Meet America’s First Military Spouse Code Breaker


Historical fiction presents places like Bletchley Park in Buckinghamshire, England as romantic and thrilling despite the very real threat of Nazi invasion and bombardment during WWII. Women made up about 75% of the workforce at Bletchley Park, which consisted of jobs operating crypto machines and communicating and translating documents. Some even broke the code with the legendary Dilly Knox, who helped decipher the Zimmermann Telegram that brought the United States into World War I and broke the codes of the German Navy and the Abwehr Enigma in World War II. global.

But across the ocean, next to these women from Bletchley Park – many of whom were wives of servicemen who worked together to find out the status of their husbands’ ships and units – a very intelligent American military wife s was trying to break the codes as well.

When Elizebeth Smith graduated in English Literature in 1915, the world was already at war. A year later, she began working at Riverbank Laboratories in Illinois, one of the first places in the United States founded to study cryptography. Riverbank was founded by George Fabyan, and the initial staff of 15 included William Friedman, whom Smith married in May 1917.

Friedman, who trained army officers at Riverbank, then enlisted in the United States military and served as a personal cryptographer for General John J. Pershing.

The Friedmans worked together in Illinois until 1921, when they moved to Washington, DC, to work as a team for the War Department. William Friedman became the chief cryptanalyst, and Elizebeth deciphered the messages during the years of Prohibition and smashed the codes written in Mandarin. Elizebeth and William have often worked together, but she has made several cryptological contributions herself.

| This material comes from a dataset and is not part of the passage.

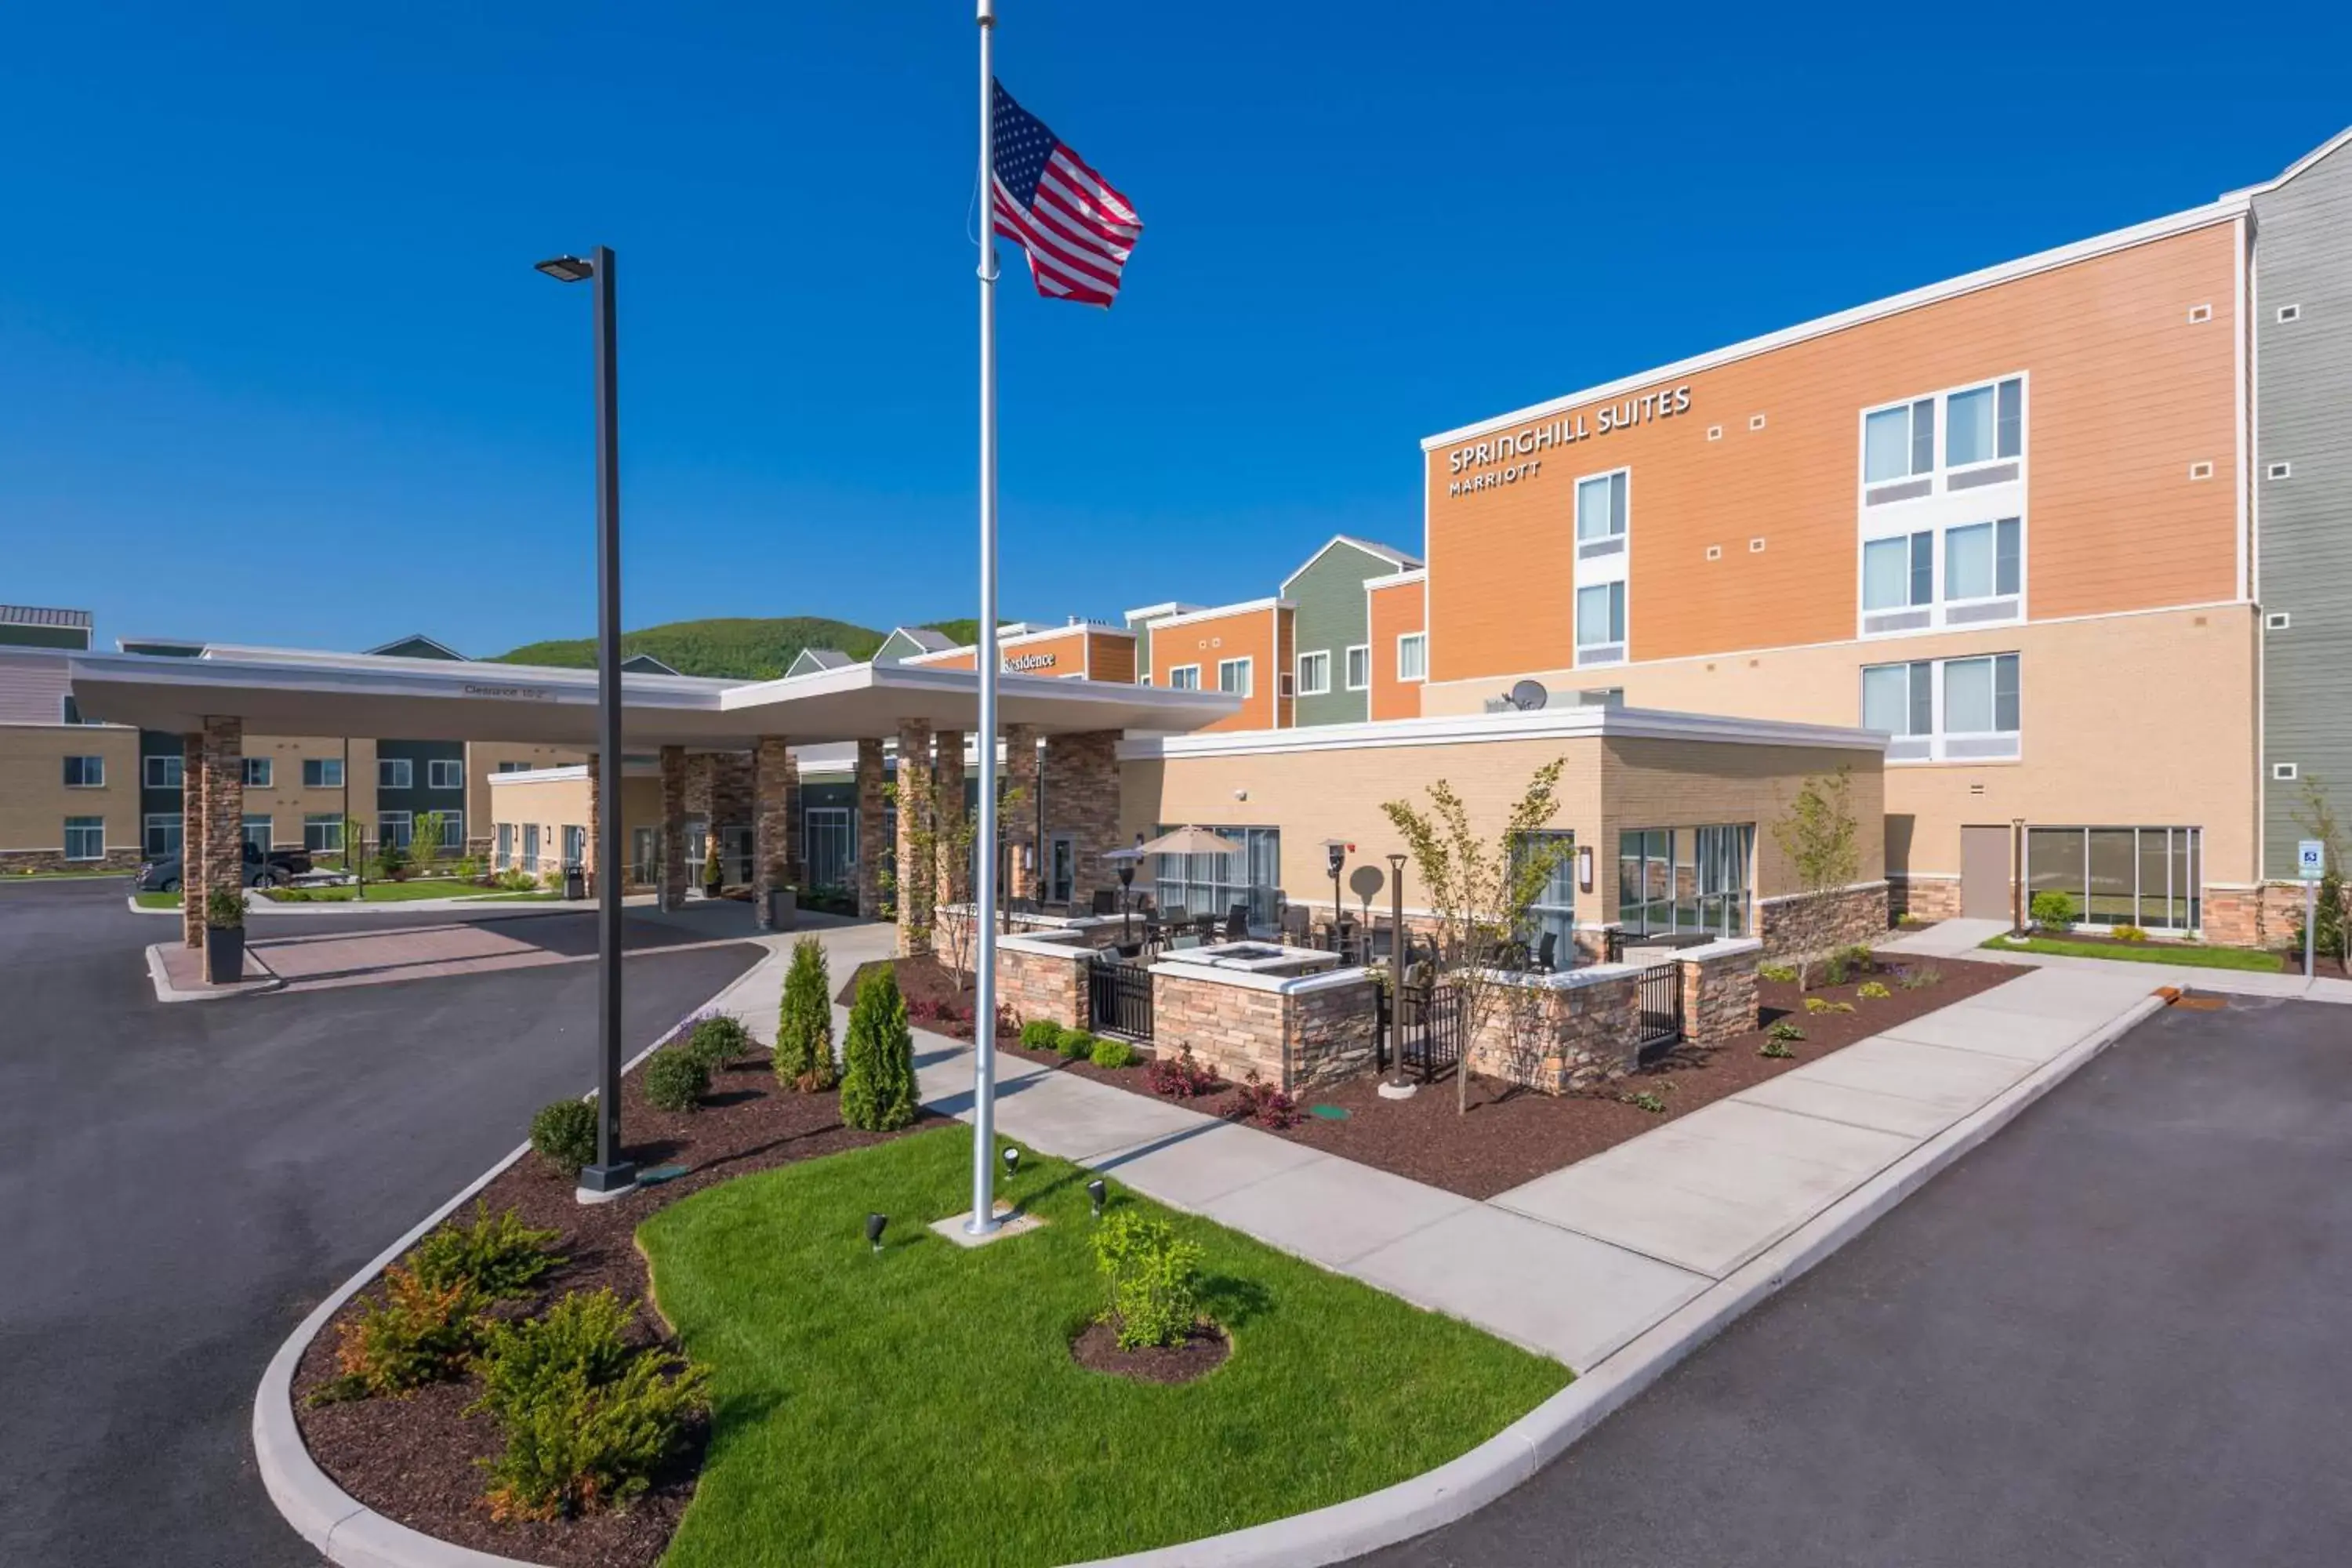 Property building in SpringHill Suites by Marriott Fishkill

Elizebeth moved to work for the Navy, the Treasury Department, and ultimately the Coast Guard. She resolved most of the interceptions on her own and also spent time teaching others how to decipher coded messages. She moved to Houston to solve contraband trafficking cases and decrypted 24 coding systems used by smugglers. In three years, she resolved over 12,000 messages in three years. She also helped indict Al Capone.

During World War II, Elizebeth worked for the Navy and focused on Operation Bolivar, the German network in South America. His team was the primary decryptor of the South American threat and they smashed three Enigma machines. His team decoded 4,000 messages from 48 radio circuits during the war.

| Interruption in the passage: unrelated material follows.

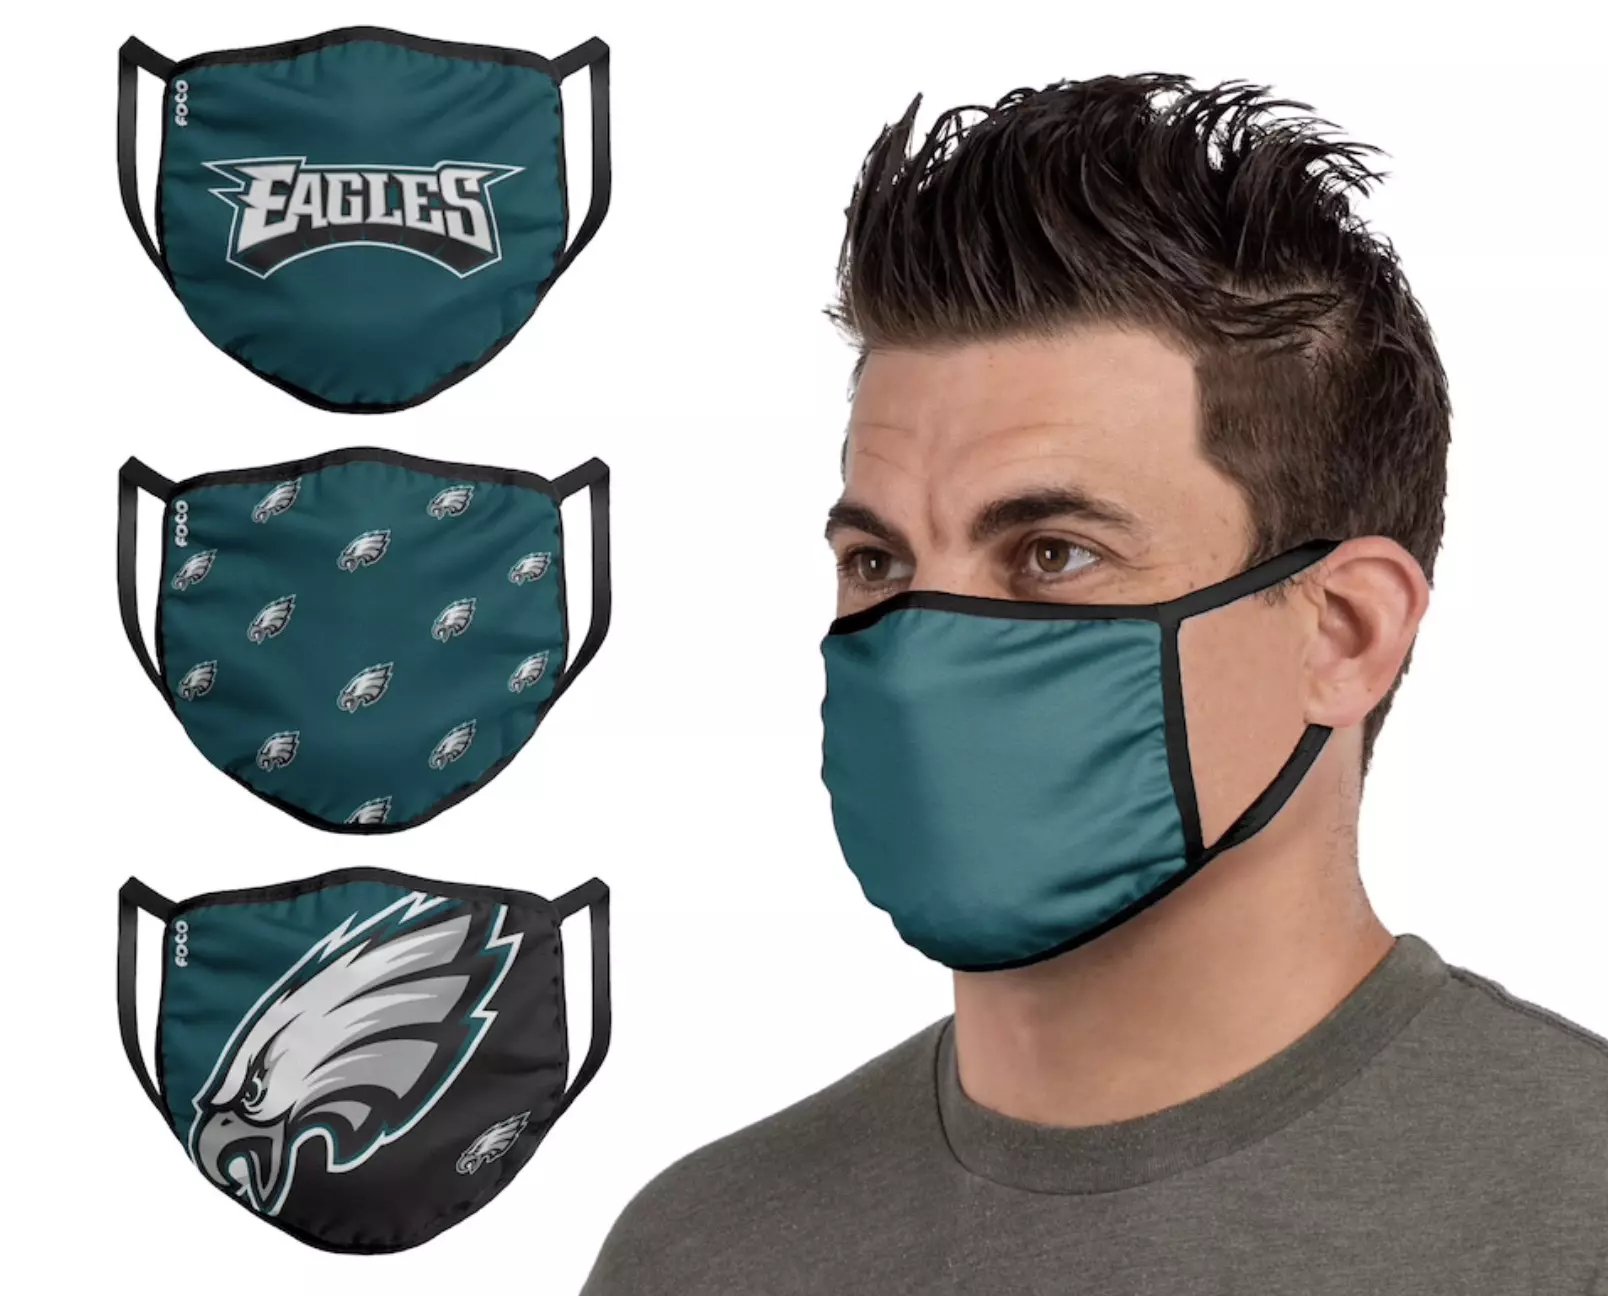 You Can Buy Face Masks with Your Team's Logo on Them

After the war, she consulted the International Monetary Fund. Friedman, who was 88 when she died in 1980, was posthumously inducted into the National Security Agency Hall of Fame in 1999 – the year it was established. During the 50 years of the NSAe anniversary in 2002, the OPS1 building was consecrated as the William and Elizebeth Friedman building. A Coast Guard was named after her, and a television documentary series called “American Experience” has an episode based on her.

The Mob Museum in Las Vegas includes Elizebeth Smith Friedman among its list of notable names, primarily in reference to the work she did during the Prohibition era.